Where goods are placed on importation under one of the arrangements provided for in Article 16(1)A or under arrangements for transit or temporary admission, the chargeable event and the date when the tax becomes chargeable shall occur only when the goods cease to be covered by these arrangements and are declared for home use.’

By virtue of Article 16(l)A(e), the last paragraph of Article 10(3) applies in the case of inward processing arrangements.(*)

Thus, the VAT Directive expressly provides that the chargeable event and the moment when the tax becomes chargeable do not occur until the goods cease to be covered by the arrangements and are declared for home use. By virtue of Article 10(l)(b) the moment when tax becomes chargeable is the moment when the tax authorities become entitled to claim the tax from the person liable to pay, notwithstanding that the time of payment may be deferred. It is therefore the earliest moment from which interest for nonpayment of tax can accrue.

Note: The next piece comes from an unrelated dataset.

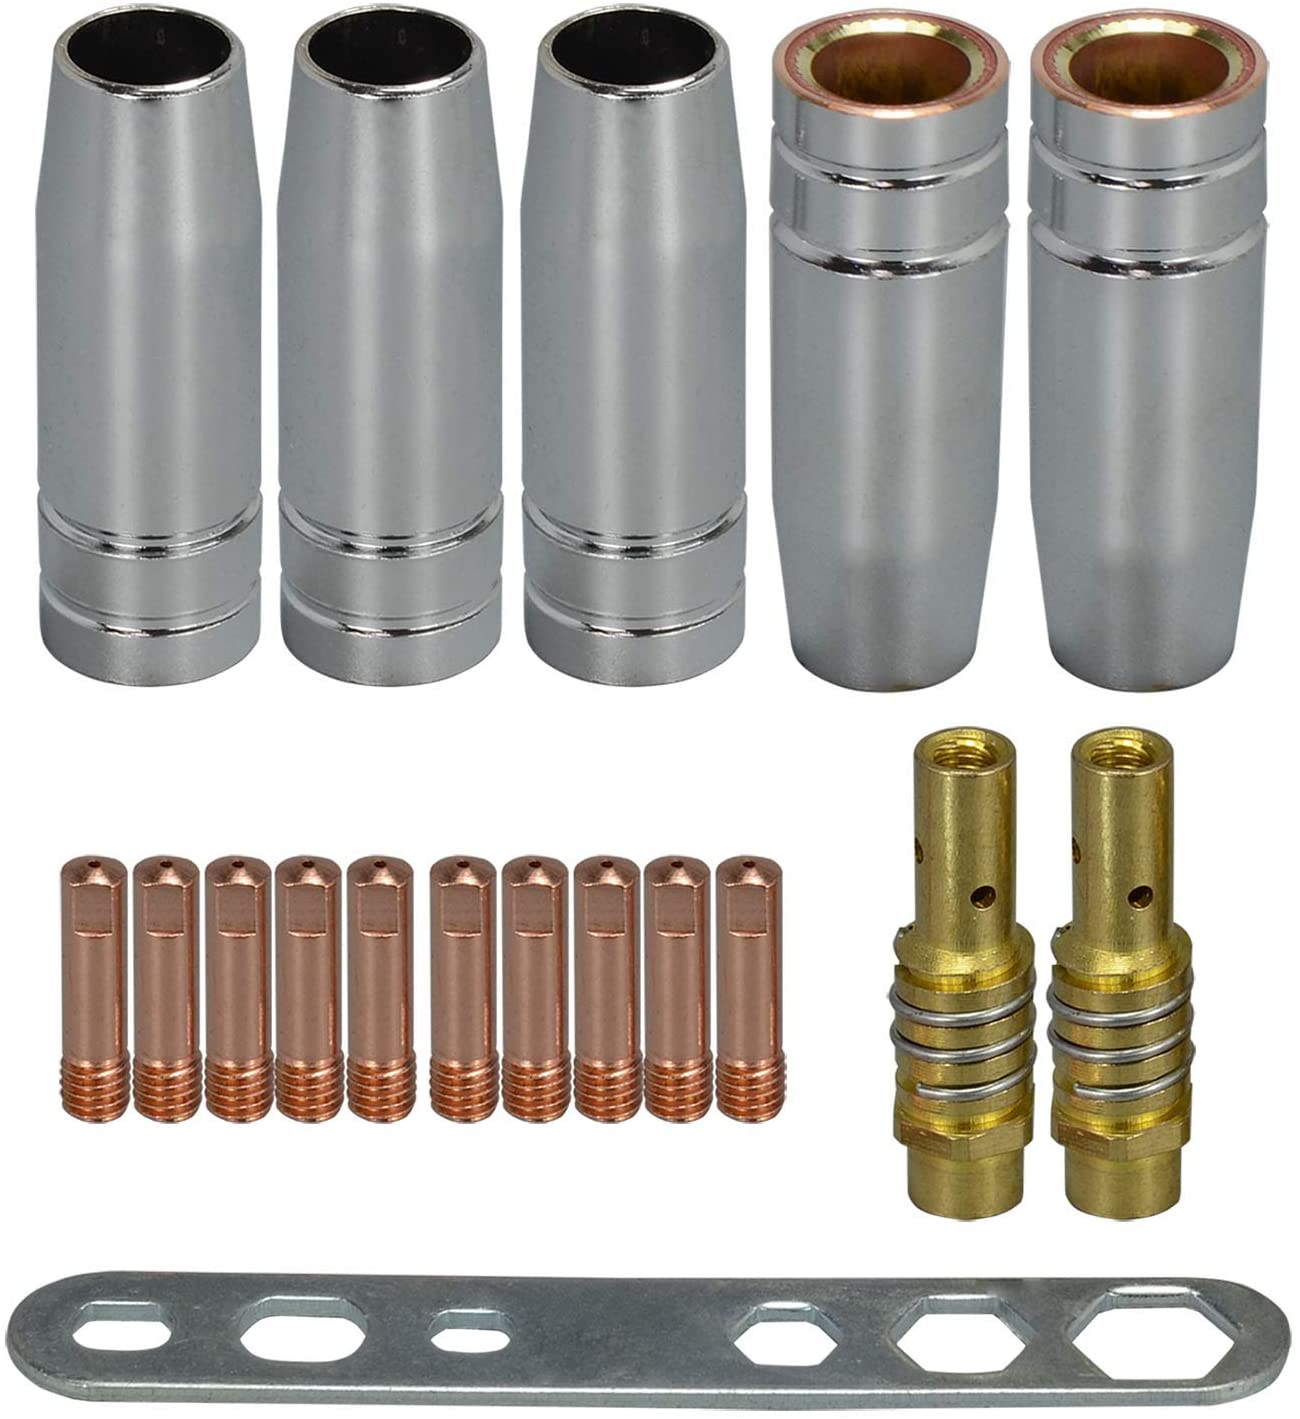 MB15 15AK Contact Tip .045'' 1.2mm M6 & Tips Holder Difuser & Shield cup For MB15 15AK MIG Welding Torch 18pk

That VAT does not become chargeable until the goods in question cease to be covered by the inward processing arrangements may perhaps be explained by the characteristics of the VAT system. Unlike import duty, VAT does not represent an irrecoverable cost for importers. Under Article 17(2) of the VAT Directive a taxable person using goods for the purpose of making taxable supplies has the right to recover the VAT incurred on those goods by way of a deduction. Article 17(1) provides that the right of deduction arises when the deductible tax becomes chargeable. Provided he uses goods for the purpose of making taxable supplies, an importer who pays tax at the moment of importation is therefore entitled to full and immediate deduction of tax. An importer who takes advantage of inward processing arrangements is not entitled to make a deduction until the tax becomes chargeable upon the cessation of the arrangements. A charge for interest from the moment of original importation would therefore be unjustified.

Conclusion

Accordingly, I am of the opinion that the question referred should be answered as follows:

At the time when the importation in issue in the proceedings took place, Community law did not preclude the charging of default interest on import duty for the period between provisional and definitive importation, but did preclude the charging of such interest on the VAT payable in respect of the importation.